LT> I'd _really_ prefer to just try to teach people to work from
LT> the "top" directory instead.

I share the sentiment, but I do not think that is an option.
There are three possibilities:

 - Train people to always work from the top and never support
   working in subdirectory at any layer.

 - Admit that people cannot be trained, and support it at Cogito
   layer.

 - Further admit that to support it without core layer help,
   what Cogito layer needs to do involves quite a lot of "yuck"
   factor.

For somebody whose primary concern is to pull the whole tree
from outside and watch out for merge conflicts, always working
from the top may be a practical option.  But you also have to
consider that the people who actually feed those whole trees to
you probably do most of their work in their subdirectories.  You
would want to make life easier for them in order for you to get
high-quality results from them.

I initially thought that the third one in the above list was the
case, and that's why I asked.  After reviewing the core layer to
see the extent of the damage the proposed change would cause, to
my surprise, it turns out that it is not all that bad.  It
probably is not surprising to you because of the way you
designed things --- doing as much as possible in the dircache,
and avoiding looking at the working tree.

The commands I would want to take paths relative to the user cwd
are quite limited; note that I just want these available to the
user and I do not care which one, the core or Cogito, groks the
cwd relative paths:

  check-files paths...
  show-diff [-R] [-q] [-s] [-z] [paths...]
  update-cache [--add] [--remove] [--refresh]
      [--cacheinfo mode blob-id] paths...

The only parameters that needs $R prefixing are the "paths..."
above.  I think the wrapper layer can manage without the help
from the core layer for these small number of commands using the
workaround I outlined in my previous message.

In addition, there is another one that looks at the working
tree:

  diff-cache [-z] [-r] [--cached] tree-id

But this one is even easier.  The wrapper layer needs to figure
out the project top, chdir to it and run the underlying
diff-cache there.

LT> I really don't like it that much, but to some degree it
LT> obviously is exactly what "--prefix=" does to
LT> checkout-cache.
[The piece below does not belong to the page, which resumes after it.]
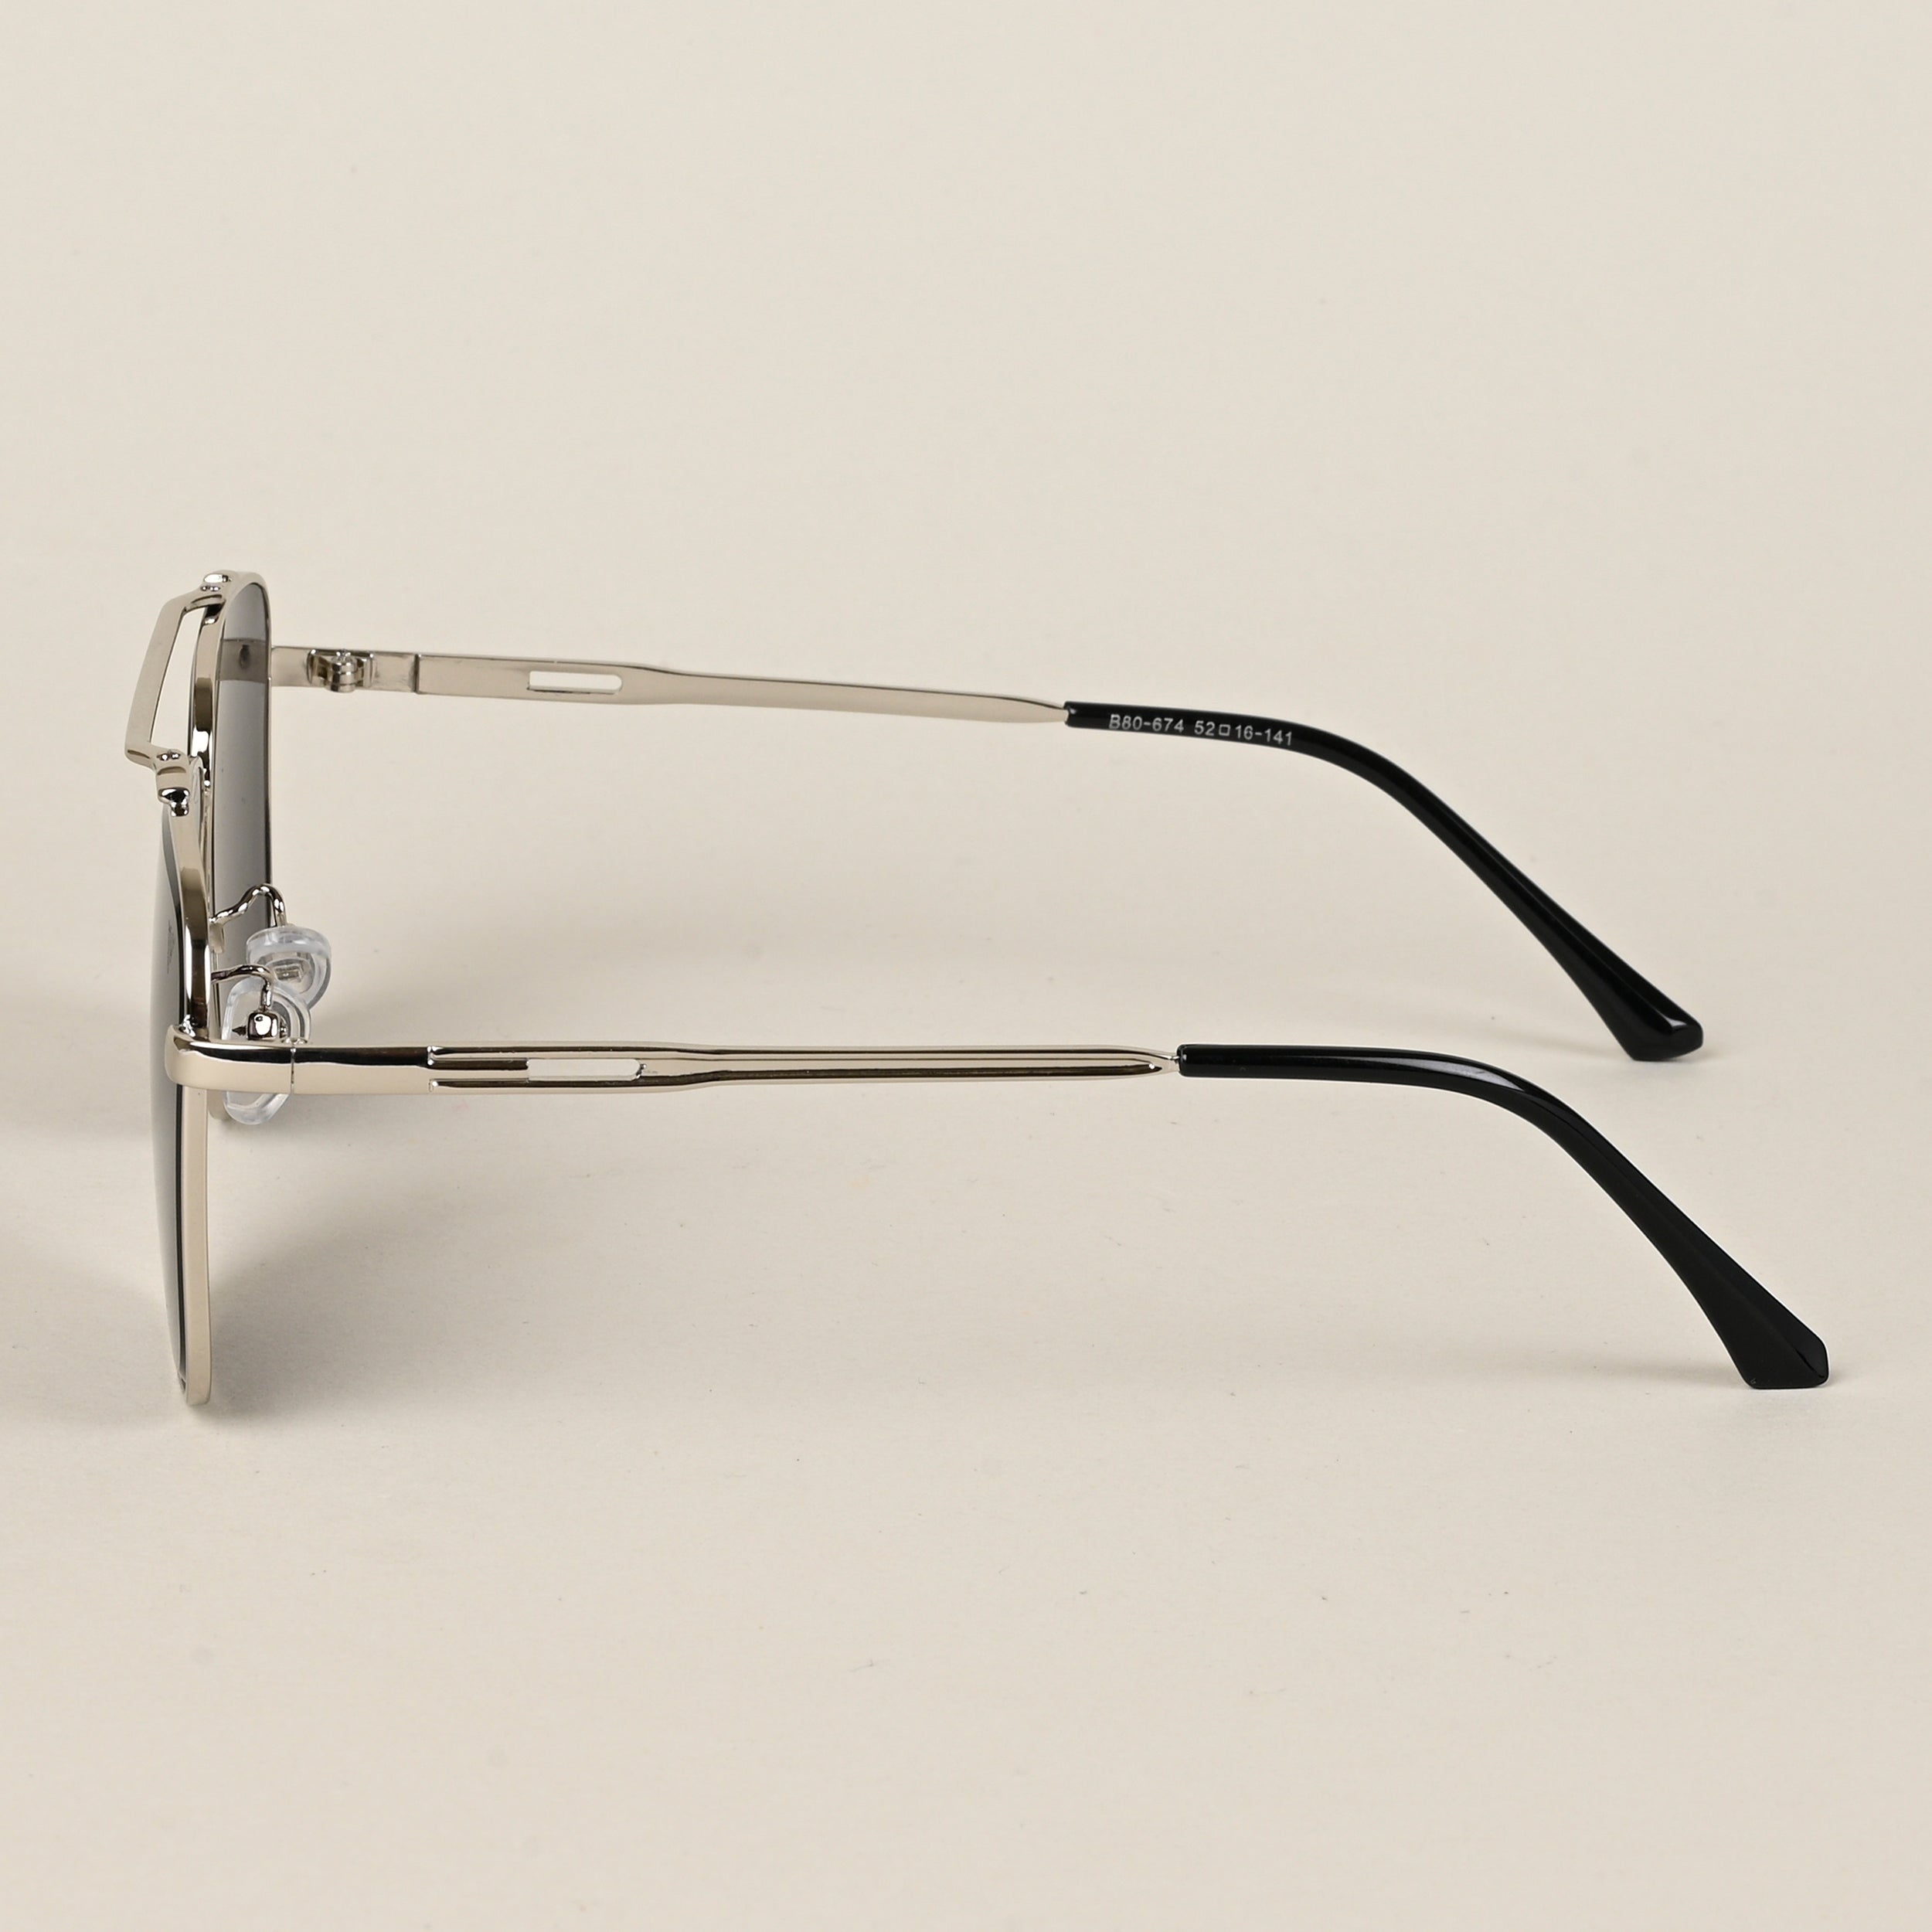 Voyage Aviator Sunglasses for Men & Women (Black Lens | Silver Frame  - MG5195)

It's basically saying that all normal file
LT> operations have to be prefixed with a magic string.

More or less so.  I actually was thinking about going a bit more
than just prefix, and normalizing paths in the core layer, in
order to get something like the following operate sensibly:

  $ find . -type f | xargs update-cache
  $ cd mozilla-sha1 && show-diff ../*.h

But this may be going a bit overboard.

LT> And git really doesn't do too many of those, so maybe it's
LT> ok. What would the patch look like? I don't really love the
LT> idea, but if the patch is clean enough...
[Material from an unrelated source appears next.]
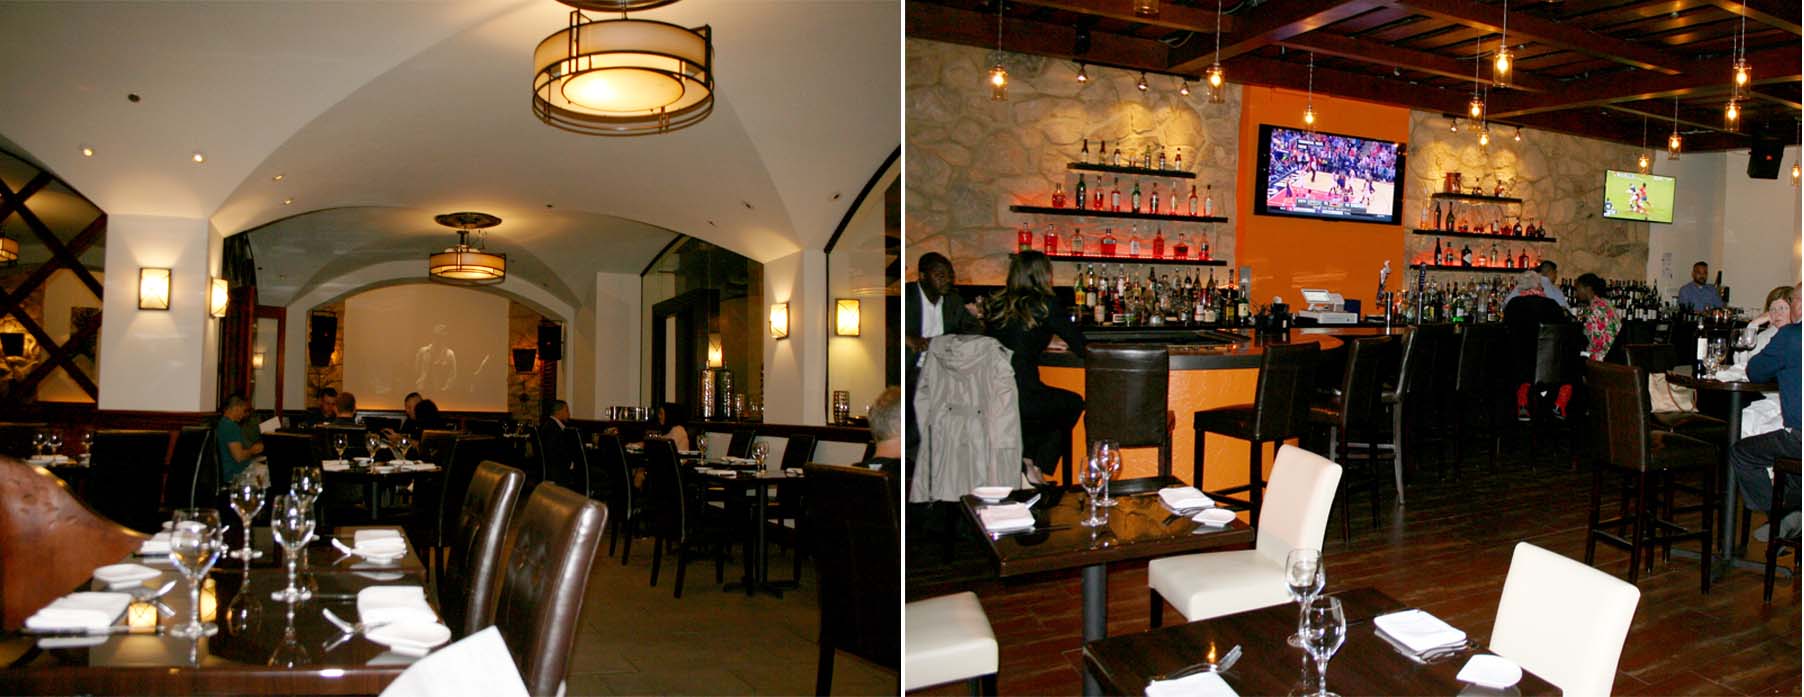 Noelia's dining room (left) and bar area still has an Italian feel. (Photos: Mark Heckathorn/DC on Heels)

Please forget this one for a bit.  I'm attacking this from both
fronts.

Core changes supporting the "project root" notion is what we are
discussing here.  As I said, I do not think it would be a huge
change as I feared initially, but after the initial "let's get
the list of commands and analyze how they use the paths" phase,
I have backburnered this approach, at least for now.  Working
around in the wrapper layer without core support seems to be a
viable option, especially now I know that what needs to be
wrapped are not that many, and that is what I've been looking
at this evening.

For your amusement, eh, rather, to test your "yuck" tolerance
;-), I've attached two scripts.  jit-find-index is a helper
script for wrappers.  It finds the project root and computes $R
prefix; the wrappers call it and eval its result.
jit-update-cache is a wrapper to run update-cache inside of
subdirectory.  This is the worst example among the four wrappers.
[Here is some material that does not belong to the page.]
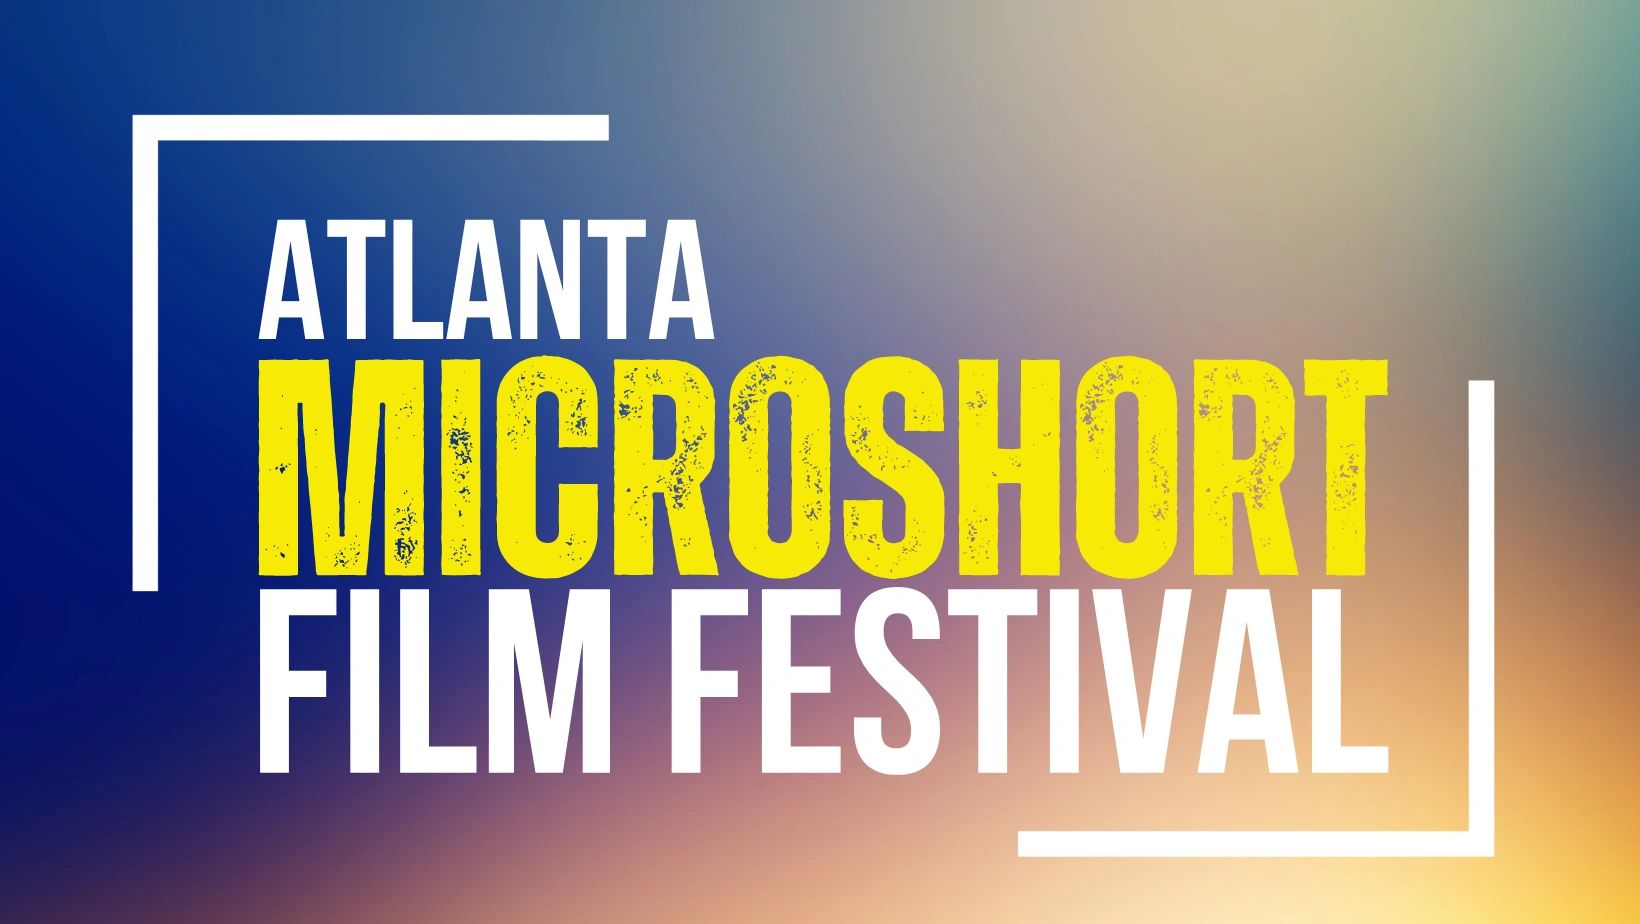 (c) Microshortfilmfest.com

Not-Signed-off-yet-by: Junio C Hamano <junkio@cox.net>
---

 jit-find-index   |   60 ++++++++++++++++++++++++++++++++++++++++++++++++++++++
 jit-update-cache |   23 +++++++++++++++++++++
 2 files changed, 83 insertions(+)

--- /dev/null	2005-03-19 15:28:25.000000000 -0800
+++ jit-find-index	2005-04-21 22:59:55.000000000 -0700
@@ -0,0 +1,60 @@
+#!/bin/sh
+
+sq=s/\'/\''\\'\'\'/g ;# see sq-expand in show-diff.c
+
+lookfor_index=${GIT_INDEX_FILE-.git/index}
+lookfor_object=${SHA1_FILE_DIRECTORY-.git/objects}
+
+index= object= project_top=
+
+# No point in looking for something specified with an absolute path.
+case "$lookfor_index" in
+/*) index="$lookfor_index" ;;
+esac
+case "$lookfor_object" in
+/*) object="$lookfor_object" ;;
+esac
+
+# Beware of symlinks.  We need to find out what the current directory
+# is called relative to the path recorded in the dircache.
+dir=${PWD-$(pwd)} cwd="$dir" down=
+
+while 
+    case "$dir" in /) break ;; esac && # we searched all.
+    case ",$index,$object,$project_top," in
+    *,,*) ;;
+    *)    break ;; # we now have all.
+    esac
+do
+    case "$index" in
+    '') test -f "$dir/$lookfor_index" &&
+	index="$dir/$lookfor_index" ;;
+    esac
+    case "$object" in
+    '') test -d "$dir/$lookfor_object" &&
+	object="$dir/$lookfor_object" ;;
+    esac
+
+    case "$project_top" in
+    '') test -d "$dir/.git" &&
+	project_top="$dir" &&
+	working_dir="$down" ;;
+    esac
+    down="$(basename "$dir")/$down"
+    dir=$(dirname "$dir")
+done
+
+if test ! -f "$index" || test ! -d "$object" || test ! -d "$project_top"
+then
+    echo >&2 \
+      "Cannot find the project top, index file, or object database."
+    echo exit 1 ;# love this!
+else
+    # Working directory relative to the project top
+
+    echo "GIT_INDEX_FILE='$(echo "$index" | sed -e "$sq")'"
+    echo "SHA1_FILE_DIRECTORY='$(echo "$object" | sed -e "$sq")'"
+    echo "GIT_PROJECT_TOP='$(echo "$project_top" | sed -e "$sq")'"
+    echo "GIT_WORKING_DIR='$(echo "$working_dir" | sed -e "$sq")'"
+    echo export GIT_INDEX_FILE SHA1_FILE_DIRECTORY GIT_PROJECT_TOP
+fi



--- /dev/null	2005-03-19 15:28:25.000000000 -0800
+++ jit-update-cache	2005-04-21 22:59:48.000000000 -0700
@@ -0,0 +1,23 @@
+#!/bin/sh
+
+eval "$(jit-find-index)"
+sq=s/\'/\''\\'\'\'/g
+RQ=$(echo "$GIT_WORKING_DIR" | sed -e "$sq")
+args=
+while case "$#" in 0) break ;; esac
+do
+	case "$1" in
+	--add | --remove | --refresh)
+	    args="${args}$1 " ;;
+	--cacheinfo)
+	    args="${args}$1 "
+	    shift; args="${args}'$(echo "$1" | sed -e "$sq")' "
+	    shift; args="${args}'$(echo "$1" | sed -e "$sq")' " ;;
+	*)
+	    args="${args}'$RQ$(echo "$1" | sed -e "$sq")' " ;;
+	esac
+	shift
+done
+eval "set x $args; shift"
+
+cd $GIT_PROJECT_TOP && exec update-cache "$@"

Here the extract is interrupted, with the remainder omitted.